Note: Though i am mainly interested in a C/C++ answer, I assume the answer will be applicable for most programming languages.
The standard way to find a floating-point value's neighbors is the function nextafter
for double
and nextafterf
for float
. The second argument gives the direction. Remember that infinities are legal values in IEEE 754 floating-point, so you can very well call nextafter(x, +1.0/0.0)
to get the value immediately above x
, and this will work even for DBL_MAX
(whereas if you wrote nextafter(x, DBL_MAX)
, it would return DBL_MAX
when applied for x == DBL_MAX
).
Two non-standard ways that are sometimes useful are:
access the representation of the float
/double
as an unsigned integer of the same size, and increment or decrement this integer. The floating-point format was carefully designed so that for positive floats, and respectively for negative floats, the bits of the representation, seen as an integer, evolve monotonously with the represented float.
change the rounding mode to upward, and add the smallest positive floating-point number. The smallest positive floating-point number is also the smallest increment that there can be between two floats, so this will never skip any float. The smallest positive floating-point number is FLT_MIN * FLT_EPSILON
.
For the sake of completeness, I will add that even without changing the rounding mode from its “to nearest” default, multiplying a float by (1.0f + FLT_EPSILON)
produces a number that is either the immediate neighbor away from zero, or the neighbor after that. It is probably the cheapest if you already know the sign of the float you wish to increase/decrease and you don't mind that it sometimes does not produce the immediate neighbor. Functions nextafter
and nextafterf
are specified in such a way that a correct implementation on the x86 must test for a number of special values and FPU states, and is thus rather costly for what it does.
To go towards zero, multiply by 1.0f - FLT_EPSILON
.
This doesn't work for 0.0f
, obviously, and generally for the smaller denormalized numbers.
The values for which multiplying by 1.0f + FLT_EPSILON
advance by 2 ULPS are just below a power of two, specifically in the interval [0.75 * 2p … 2p). If you don't mind doing a multiplication and an addition, x + (x * (FLT_EPSILON * 0.74))

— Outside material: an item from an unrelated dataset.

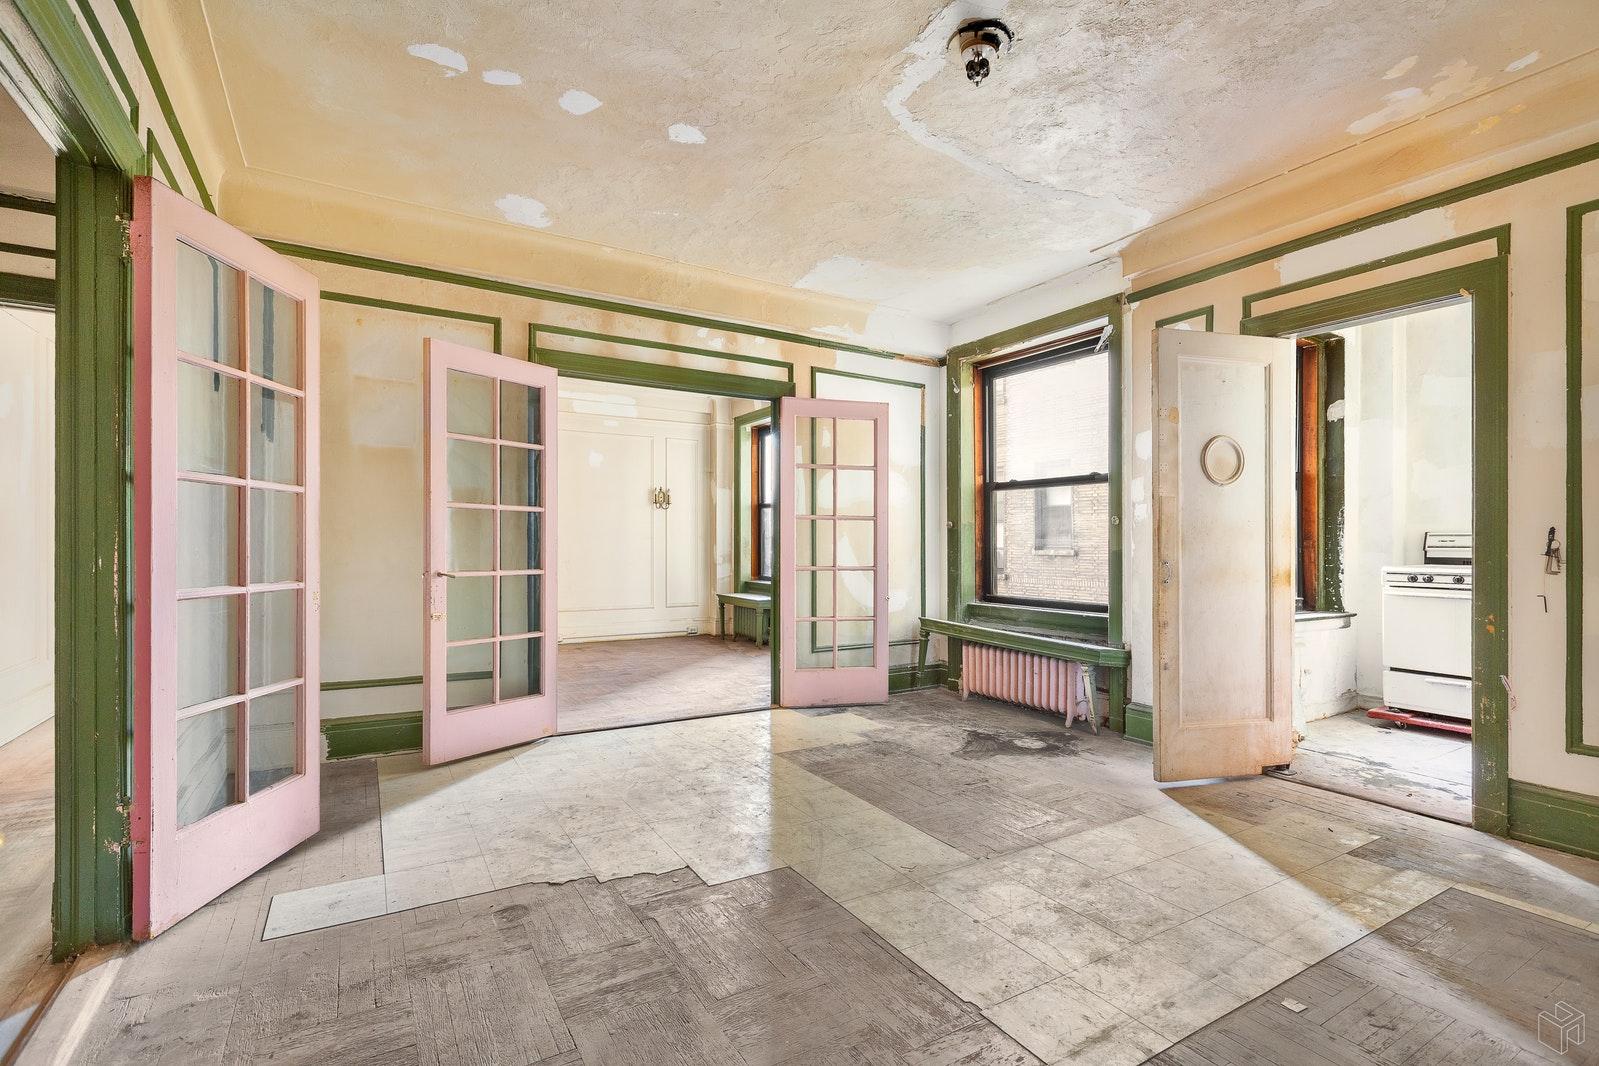 176 WEST 87TH STREET 4E, Upper West Side, $799,000, Web #: 19262352
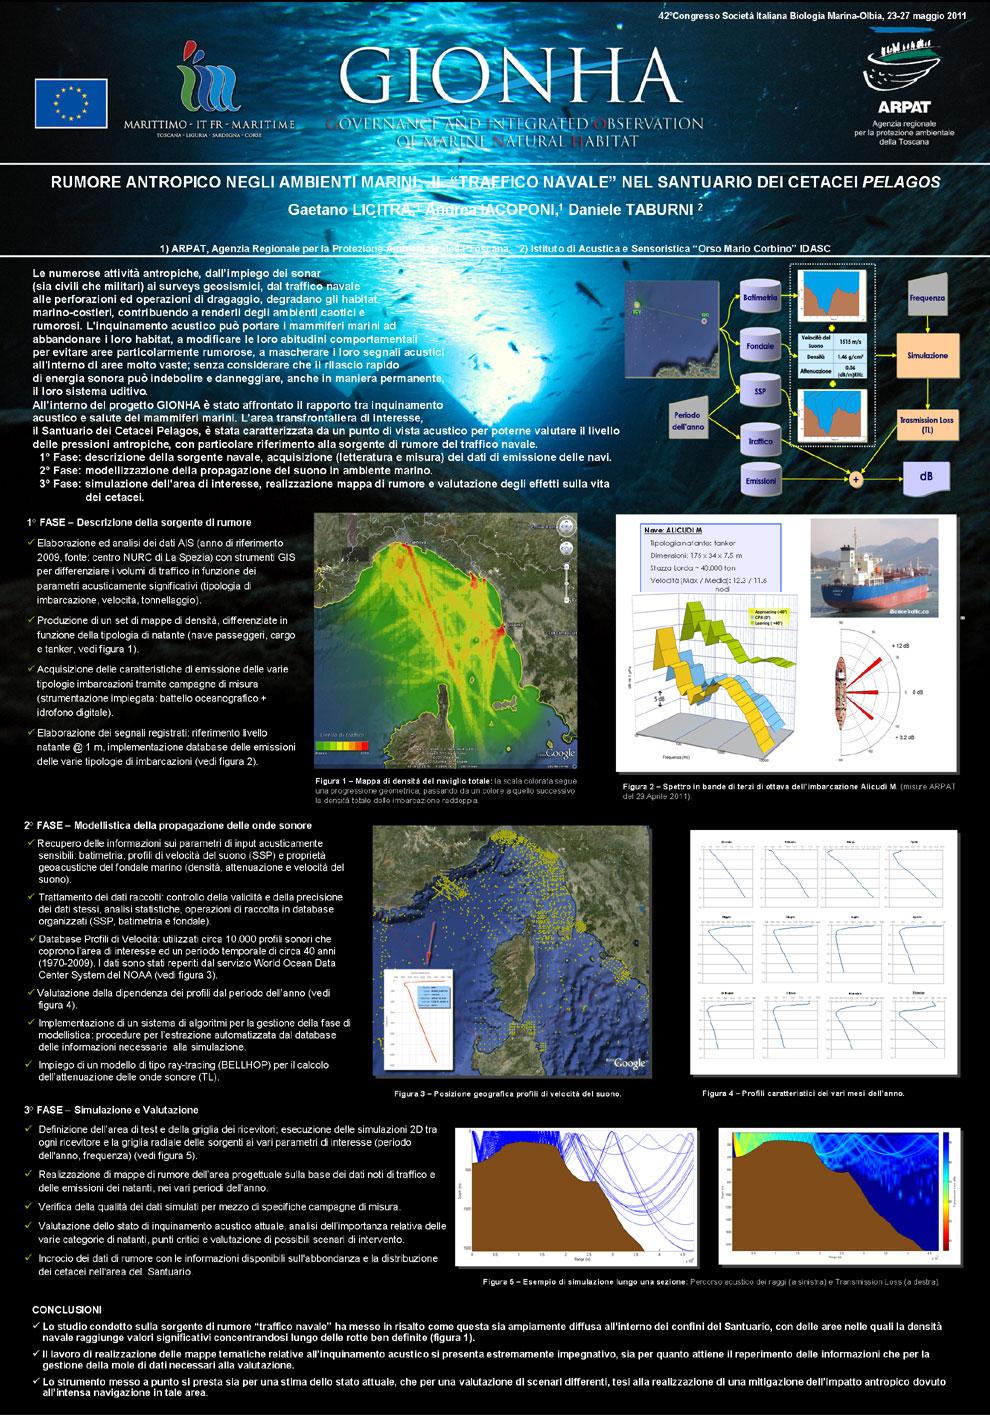 Rumore antropico negli ambienti marini - poster

should work for all normal numbers (but still not for zero nor for all the small denormal numbers).
Look at the "nextafter" function, which is part of Standard C (and probably C++, but I didn't check).
I tried it out on my machine. And all three approaches:
1. adding with 1 and memcopying
2. adding FLT_EPSILON
3. multiplying by (1.0f + FLT_EPSILON)
seems to give the same answer.
see the result here
bash-3.2$ cc float_test.c -o float_test; ./float_test 1.023456 10
Original num: 1.023456
int added = 1.023456 01-eps added = 1.023456 mult by 01*(eps+1) = 1.023456
int added = 1.023456 02-eps added = 1.023456 mult by 02*(eps+1) = 1.023456
int added = 1.023456 03-eps added = 1.023456 mult by 03*(eps+1) = 1.023456
int added = 1.023456 04-eps added = 1.023456 mult by 04*(eps+1) = 1.023456
int added = 1.023457 05-eps added = 1.023457 mult by 05*(eps+1) = 1.023457
int added = 1.023457 06-eps added = 1.023457 mult by 06*(eps+1) = 1.023457
int added = 1.023457 07-eps added = 1.023457 mult by 07*(eps+1) = 1.023457
int added = 1.023457 08-eps added = 1.023457 mult by 08*(eps+1) = 1.023457
int added = 1.023457 09-eps added = 1.023457 mult by 09*(eps+1) = 1.023457
int added = 1.023457 10-eps added = 1.023457 mult by 10*(eps+1) = 1.023457
Code
#include <float.h>
#include <stdlib.h>
#include <stdio.h>
#include <string.h>
#include <assert.h>
int main(int argc, char *argv[])
{
if(argc != 3) {
printf("Usage: <binary> <floating_pt_num> <num_iter>\n");
exit(0);
}
float f = atof(argv[1]);
int count = atoi(argv[2]);
assert(count > 0);
int i;
int num;
float num_float;
printf("Original num: %f\n", f);
for(i=1; i<=count; i++) {
memcpy(&num, &f, 4);
num += i;
memcpy(&num_float, &num, 4);
printf("int added = %f \t%02d-eps added = %f \tmult by %2d*(eps+1) = %f\n", num_float, i, f + i*FLT_EPSILON, i, f*(1.0f + i*FLT_EPSILON));
}
return 0;
}